My good friend and intellectual companion, Google.com, pointed me to www.worldnewsstand.net/today/articles/thehistorycircle.htm which had this to say about this matter. The average age of the world’s great civilizations has been about 200 years.

Most of these nations have progressed through the following sequence – from bondage to spiritual faith to great courage to liberty to abundance to selfishness to complacency to apathy to dependency and back again to bondage.

Coming from a nation that has been there, done that, I think I can safely hazard a guess at where exactly the United States is today in this life cycle.

The way it’s going now, in the nine step evolutionary process from revolution to devolution, the United States is just three steps away from gotterdammerung, only the twilight won’t be that of a nation of gods by then.

According to Lance Morrow (some guy quoted by Dictionary.com in its definition of gotterdammerung), you can tell a nation has been flirting with forms of gotterdammerung when you see extremes of vocabulary and behavior and an appetite for violent resolution.

Another tell-tale sign of when a civilization is flourishing is the state of the art and soul of its society.

At the height of a nation’s glory, its art, music, and philosophy were shaping enduring cultural paradigms.

Most of today’s pop(ular) art and music seem more to be escape vents for people with nothing of substance to express.

As for philosophy, the reigning one seems to be “Live like there’s no tomorrow.”

In the political process of sustaining democracy, apathy is all set to reign as head of state.
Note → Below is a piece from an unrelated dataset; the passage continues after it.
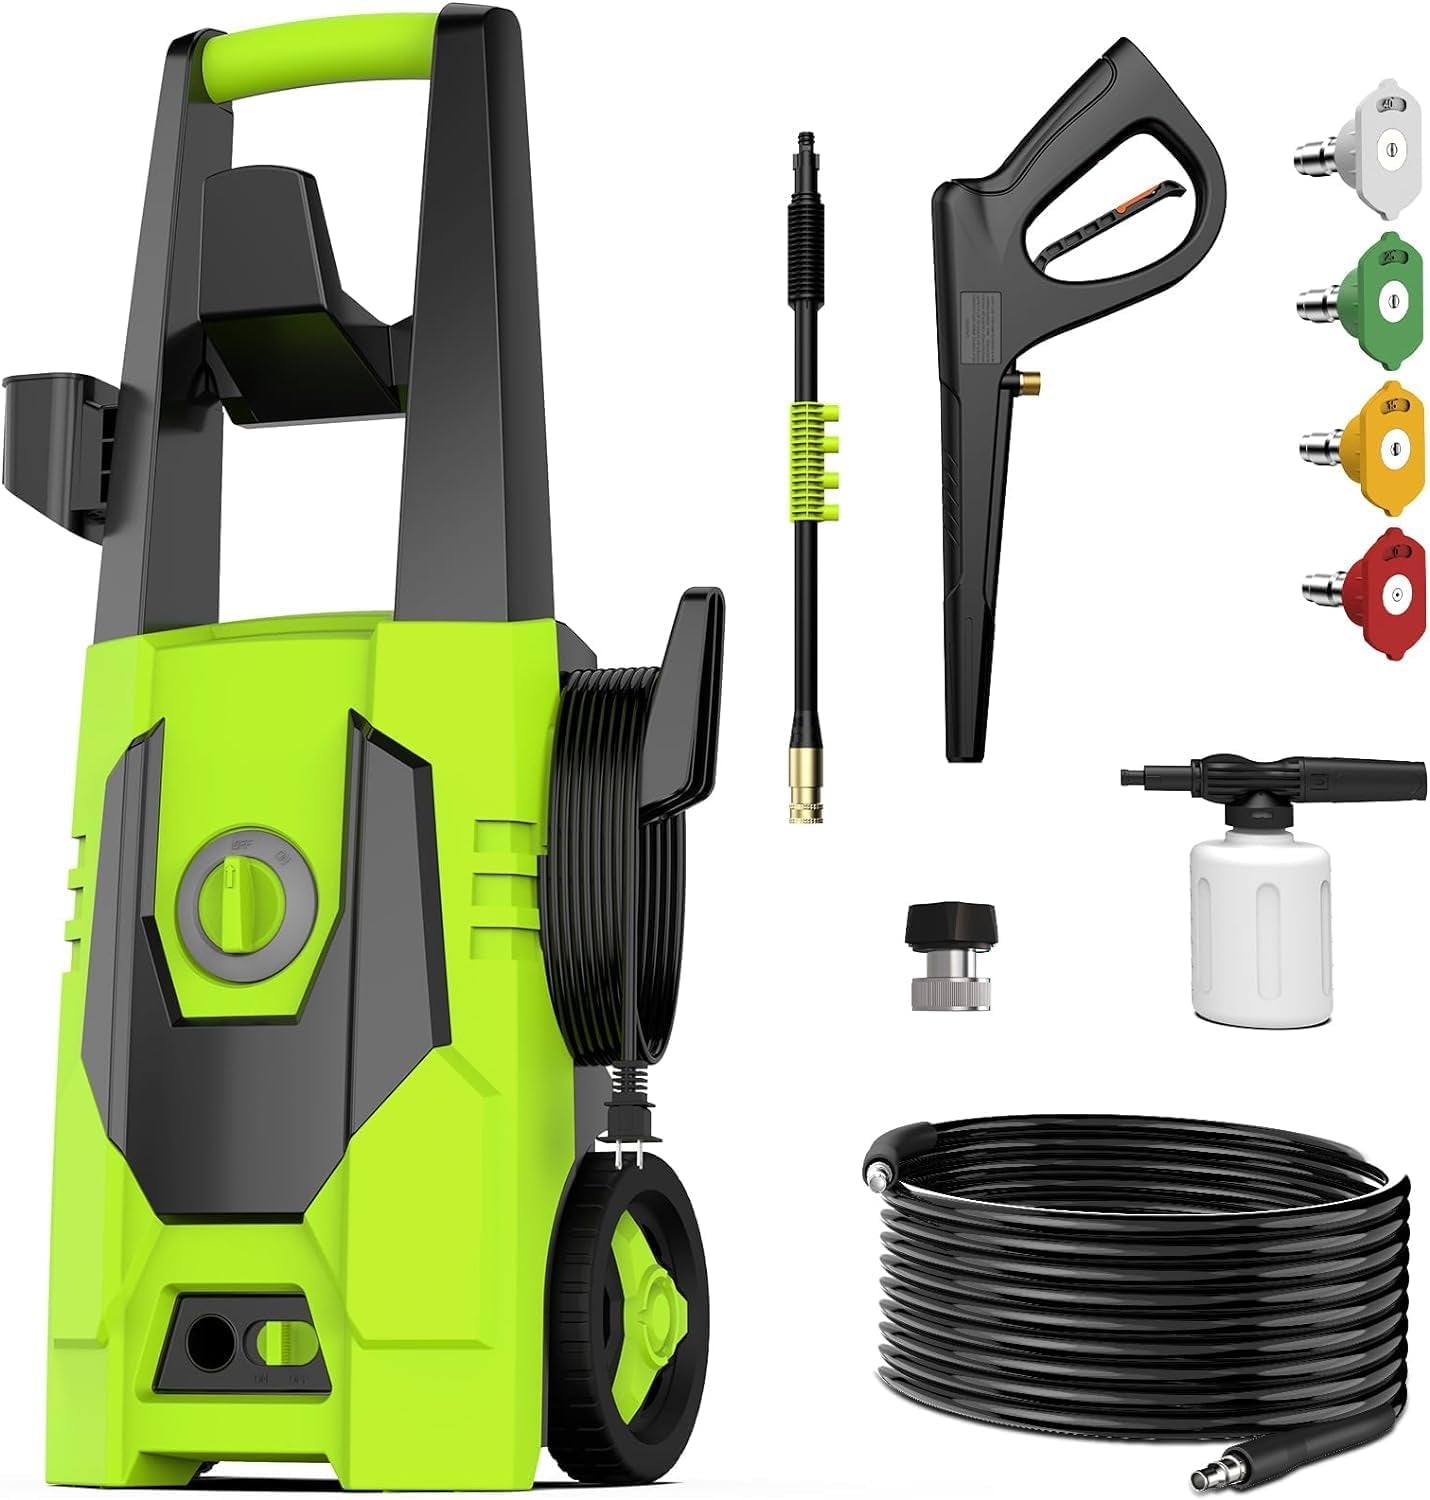 Electric Pressure Washer - 4500PSI Max 3.1 GPM Power Washer with 35FT Power Cord, 20FT Hose, Soap Tank, High Pressure Washer Electric Powerd Car Cleaning for Garden, Patios, Yard

In the last election, less than half the U.S. population turned up to vote.

If the prophetic words of Sir Alex are to be proven as false and the United States is looking to stop itself from becoming a dictatorship, perhaps it needs to follow the example of Australia, where voting is not so much a right as the responsibility of every citizen.
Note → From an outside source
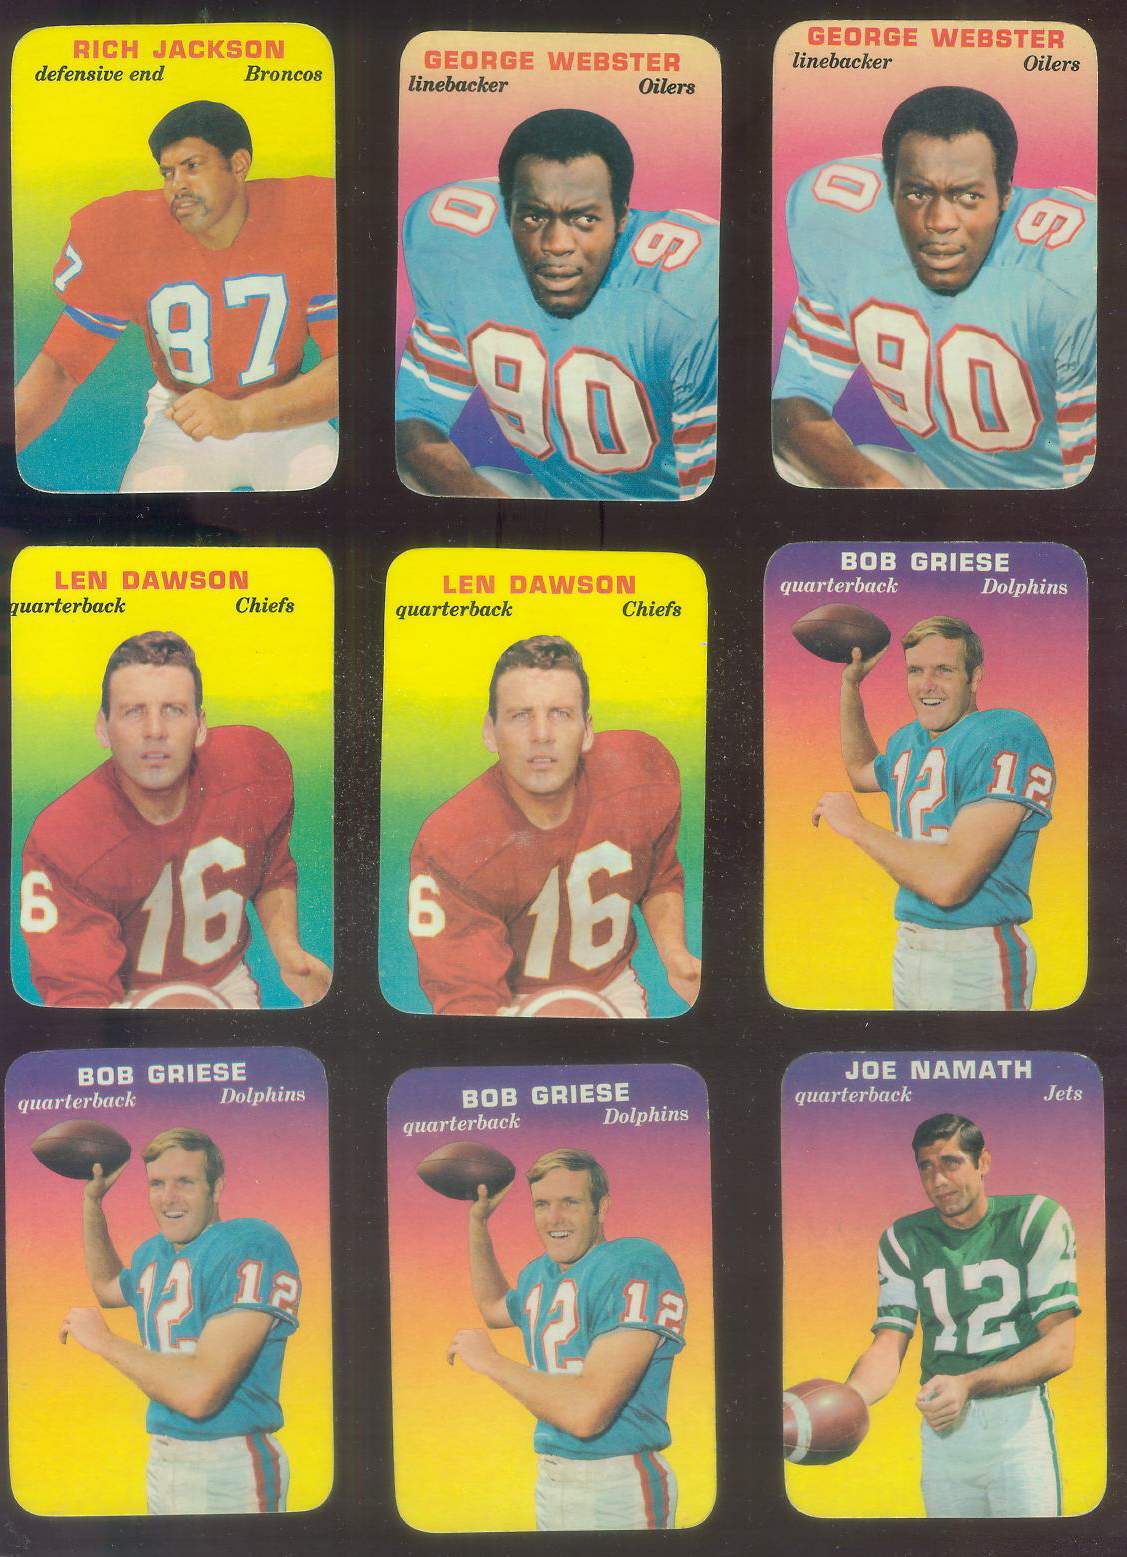 1970 Topps Glossy #28 Bob Griese - FB Insert (Dolphins) Football cards value

Unfortunately, the United States seems to be so obsessed with individual rights that it has lost the concept of social obligation.

While it would mean depriving the American people of an additional public holiday, maybe it wouldn’t be such a bad idea to make July 4 the official election day, since people get out of their homes to watch some of their tax money go up in smoke and sound and lights anyways.

So as you plan your road trip, and curse the calendar for making this year’s July 4 a Wednesday with no extra holiday padding it on either side, think gotterdammerung.

Narayan Devanathan is a graduate student in journalism and mass communication from Hyderabad, India.